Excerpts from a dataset
- Opening Delimiter -
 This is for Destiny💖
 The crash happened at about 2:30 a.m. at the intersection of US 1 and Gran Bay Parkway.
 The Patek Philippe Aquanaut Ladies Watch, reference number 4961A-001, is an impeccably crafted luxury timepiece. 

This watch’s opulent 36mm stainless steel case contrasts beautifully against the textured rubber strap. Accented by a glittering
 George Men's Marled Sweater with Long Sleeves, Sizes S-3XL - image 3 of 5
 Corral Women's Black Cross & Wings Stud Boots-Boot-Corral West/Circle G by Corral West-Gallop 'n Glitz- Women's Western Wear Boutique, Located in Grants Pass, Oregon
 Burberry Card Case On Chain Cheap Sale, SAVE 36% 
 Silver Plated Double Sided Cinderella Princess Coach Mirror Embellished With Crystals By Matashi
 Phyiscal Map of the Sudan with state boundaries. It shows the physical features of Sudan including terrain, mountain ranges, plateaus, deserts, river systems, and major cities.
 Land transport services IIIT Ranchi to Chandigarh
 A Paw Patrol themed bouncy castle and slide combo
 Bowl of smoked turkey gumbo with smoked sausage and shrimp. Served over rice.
- Closing Delimiter -
▶ [PROBLEM STATEMENT] When the word "This" occurs in a line above, list that line.

▶ [RESULT]
 This is for Destiny💖
This watch’s opulent 36mm stainless steel case contrasts beautifully against the textured rubber strap. Accented by a glittering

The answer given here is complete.